Most likely temperature change. I accidentally broke a glass mug by putting it under the tap running cold water in it, after I had microwaved hot water in it for tea. It did a clean split right in half.


----------



## SMJB (Jun 18, 2021)

Thanks, Guys,
I'll be more careful when I wash them. I'll be digging there again today. Hopefully I'll have something worthwhile to post tonight. Any thoughts on age of the perfume? At least I think it's perfume.


----------



## bottlecrazy (Jun 18, 2021)

Perfume looks early machine made to me - 1900-1910?  Cool logo!  No idea what company it relates to, though.


----------



## SMJB (Jun 18, 2021)

bottlecrazy said:


> Perfume looks early machine made to me - 1900-1910?  Cool logo!  No idea what company it relates to, though.

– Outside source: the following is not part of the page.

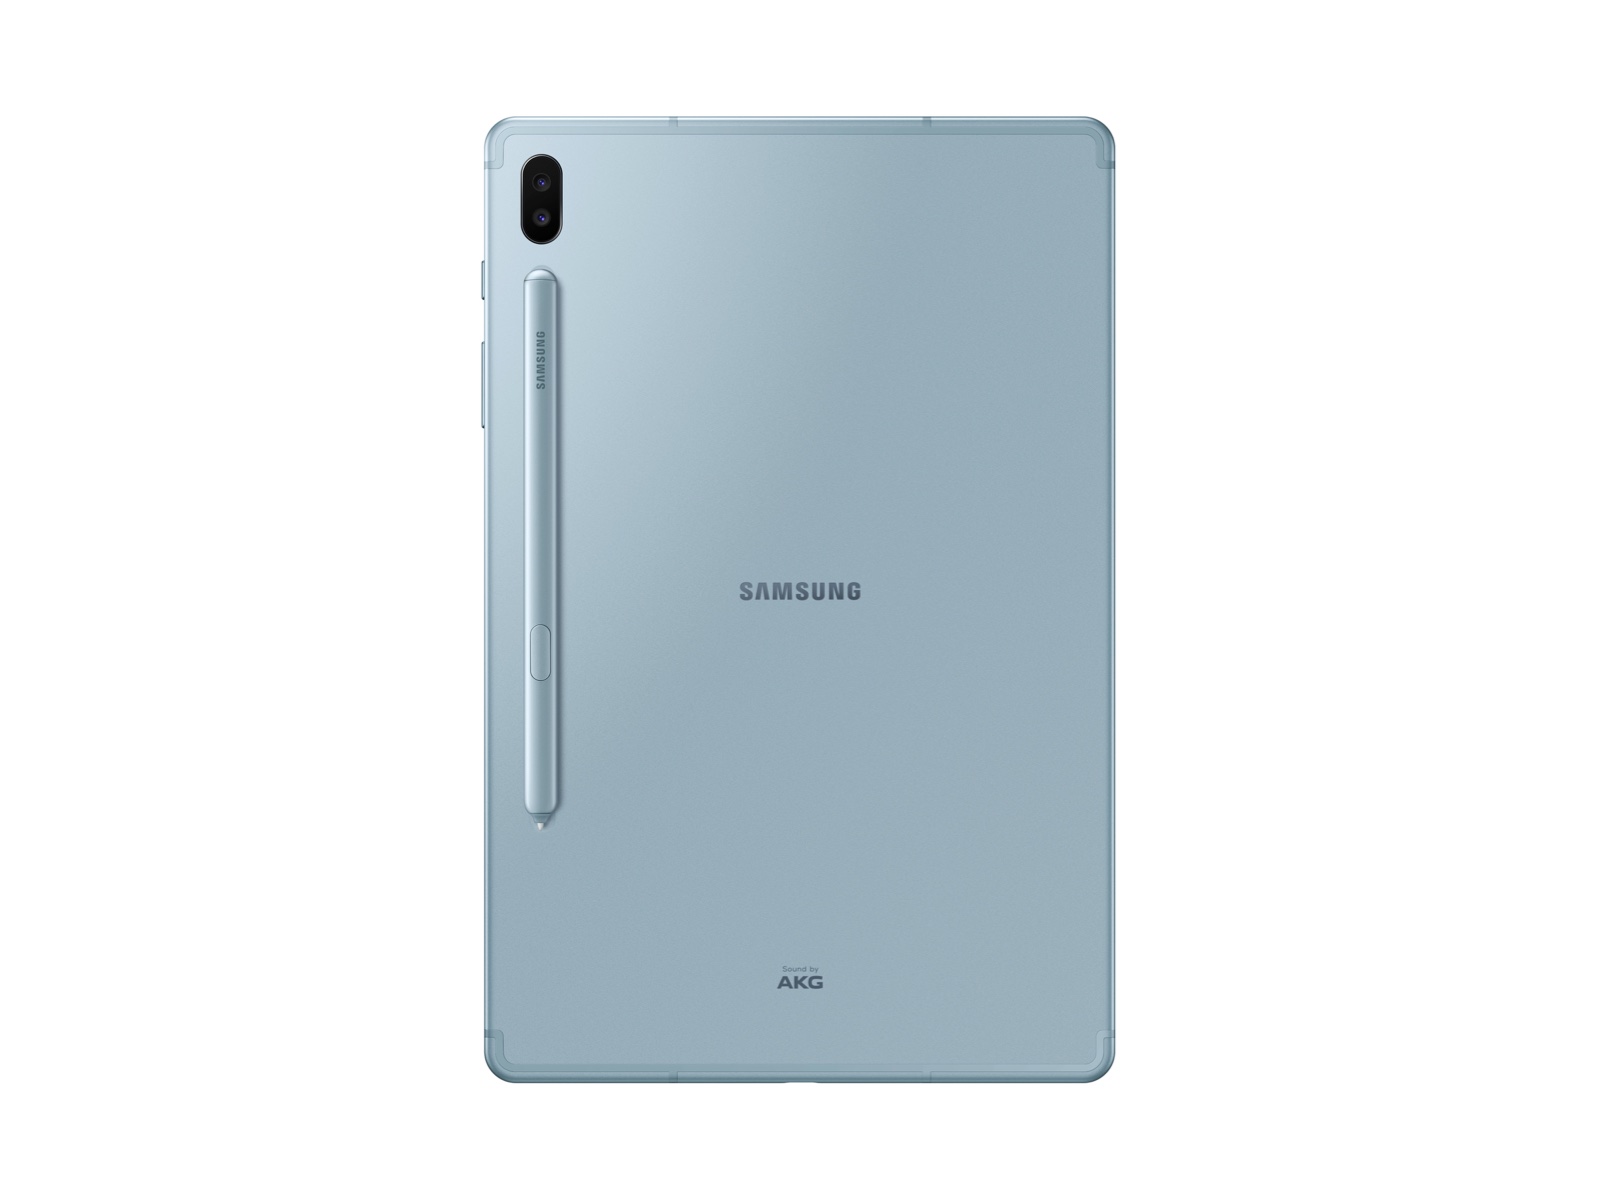 Galaxy Tab S6 10.5 128GB Cloud Blue Wi-Fi S Pen included Tablets - SM-T860NZBAXAR

Thanks! Older than I thought. Very cool logo. I couldn't find anything close online. I like the aqua color.


----------



## zsmith333 (Jun 18, 2021)

Id love to have a dump like this on my property. But alas my dog just digs up crap from the 70s lol


----------



## SMJB (Jun 18, 2021)

zsmith333 said:


> Id love to have a dump like this on my property. But alas my dog just digs up crap from the 70s lol


Yeah, that's me!
Every time I bring in something I dig,  my wife hits me on the nose with a rolled up newspaper!


----------



## zsmith333 (Jun 18, 2021)

SMJB said:


> Yeah, that's me!
> Every time I bring in something I dig,  my wife hits me on the nose with a rolled up newspaper!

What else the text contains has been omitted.